# Laelia purpurata



## nikv (Jul 10, 2009)

Hi!

These are photos of a Laelia purpurata (yeah, I know, it's now a Cattleya ) that I purchased from Andy's Orchids several years ago. This one is sanguinea x striata. It definitely doesn't take after the sanguinea parent, but I love it all the same. 






















Best Regards,
Nik


----------



## SlipperFan (Jul 10, 2009)

Gorgeous! I love purpurata -- any and all of them!


----------



## Yoyo_Jo (Jul 10, 2009)

Mmmm, that's really pretty.


----------



## Candace (Jul 10, 2009)

Great lip.


----------



## JeanLux (Jul 11, 2009)

yes Nik!
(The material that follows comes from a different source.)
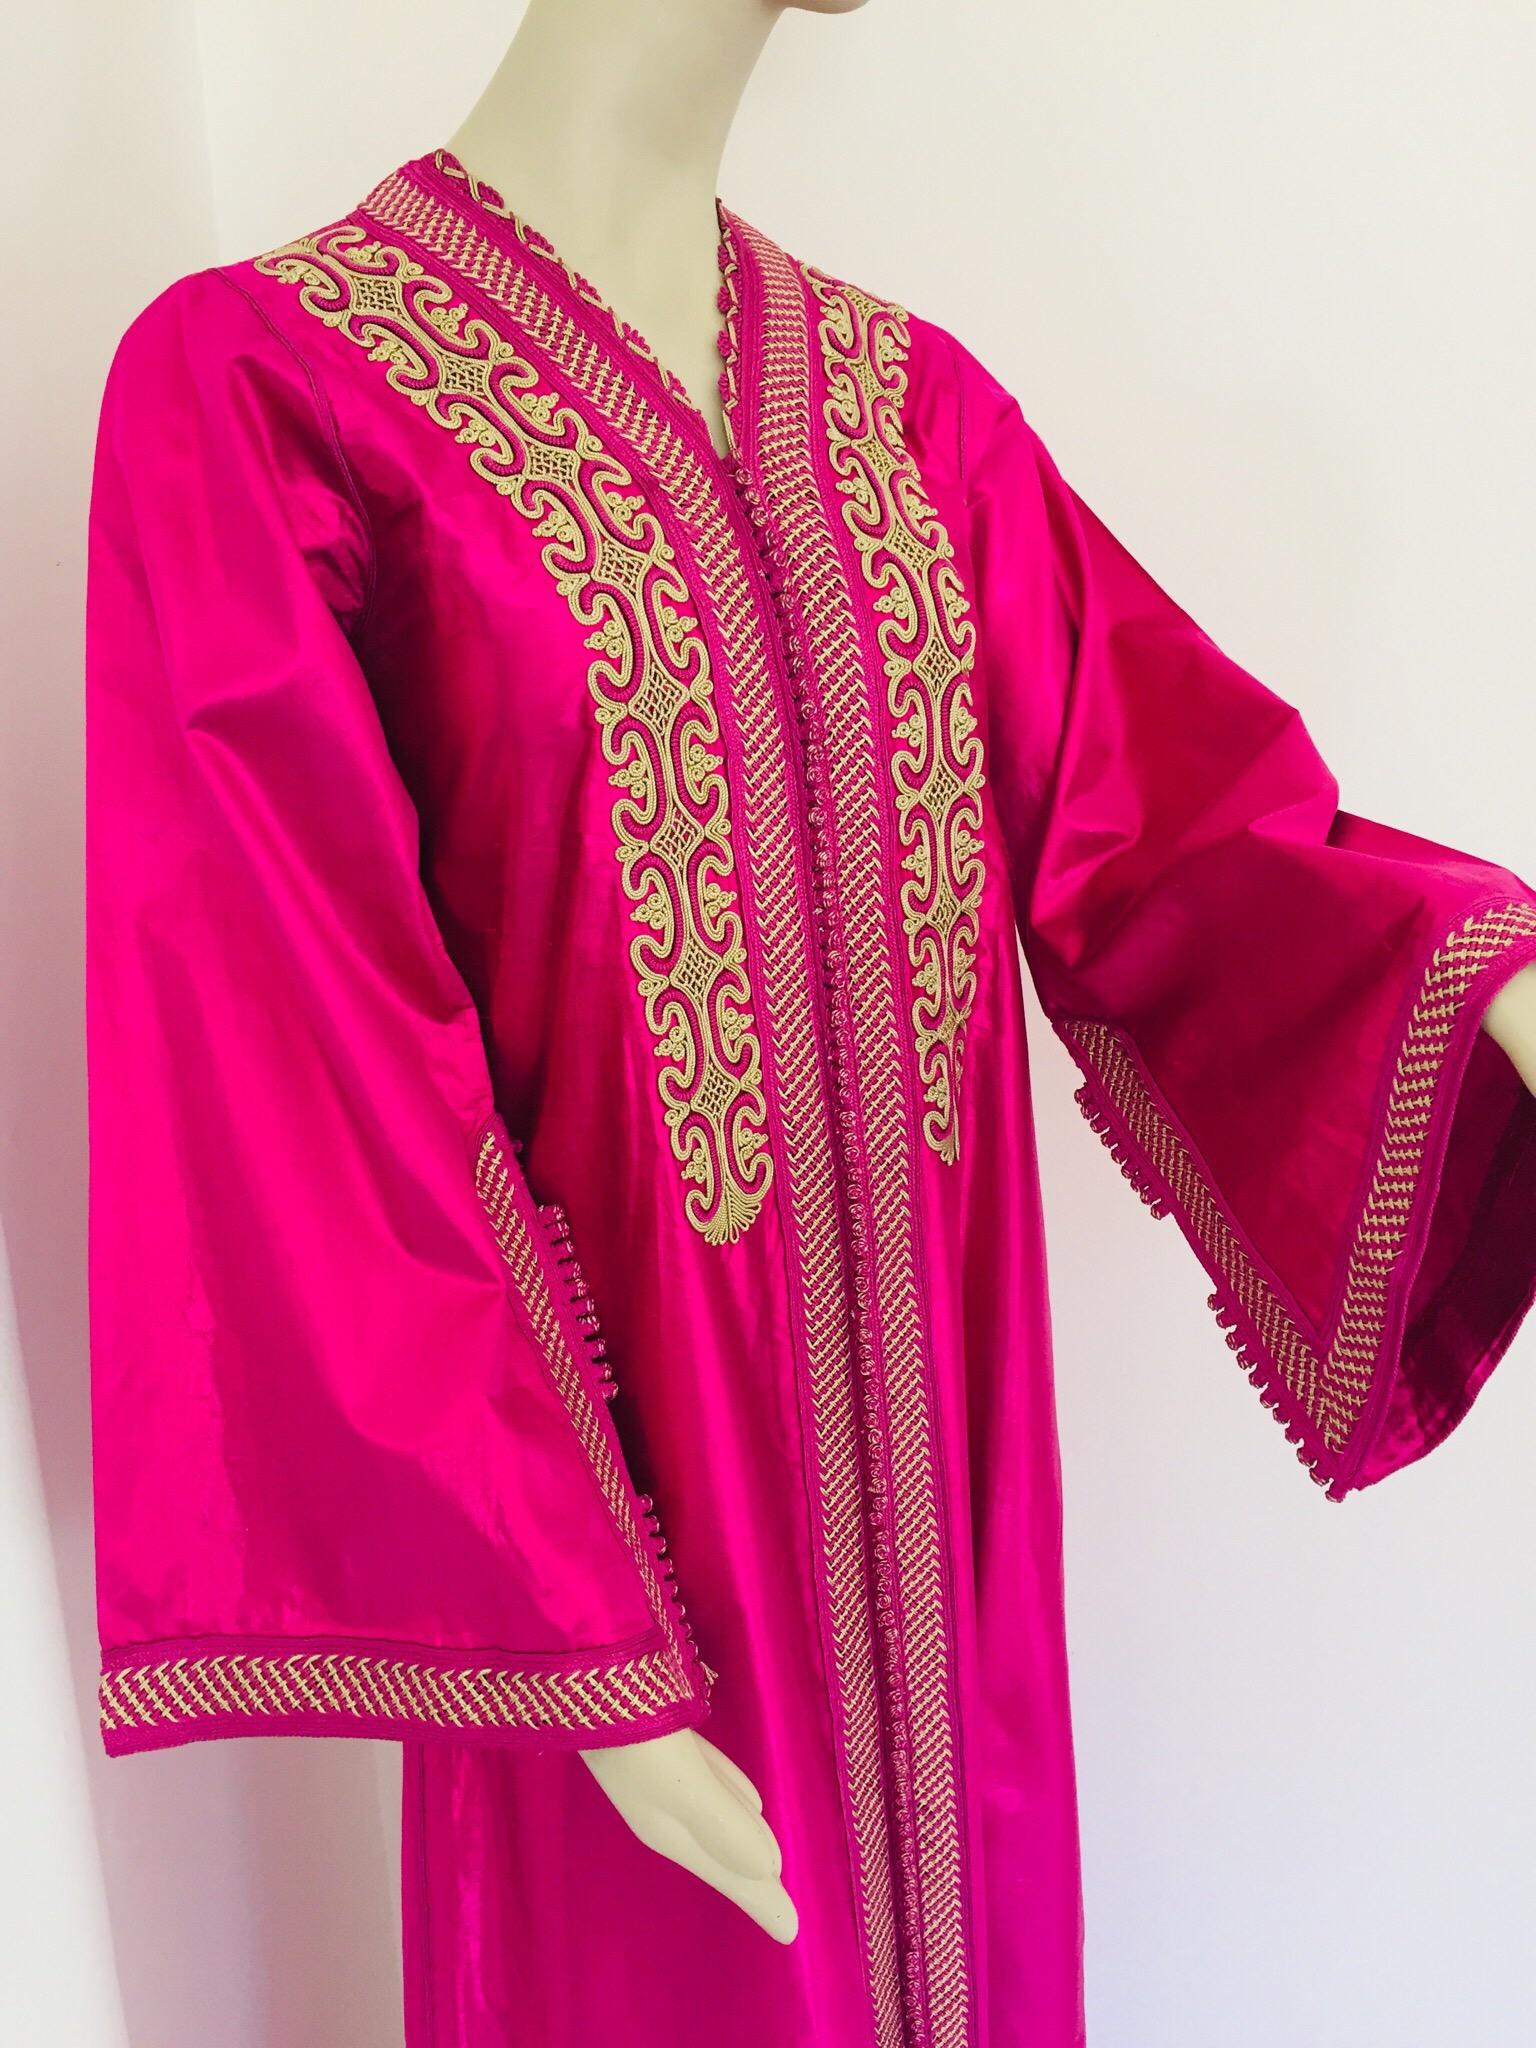 Hand-Crafted Moroccan Vintage Caftan 1970s Kaftan Maxi Dress Hot Pink Fuchsia

Super lip, great shape and fine coloring on petals / sepals!!!! Jean


----------



## luvsorchids (Jul 11, 2009)

SlipperFan said:


> Gorgeous! I love purpurata -- any and all of them!



:smitten: I agree.

Susan


----------



## Hera (Jul 11, 2009)

Fabulous!


----------



## Delego (Jul 11, 2009)

You could fill a greenhouse with theses beauties.


----------



## KyushuCalanthe (Jul 11, 2009)

Lovely Cat..I mean Laelia! I hope mine decides to bloom next year....I ain't gettin' no younger.


----------



## Dupuy (Jul 11, 2009)

great colours on this, it is now cattleya now?


----------



## biothanasis (Jul 13, 2009)

Great lip!!!!


----------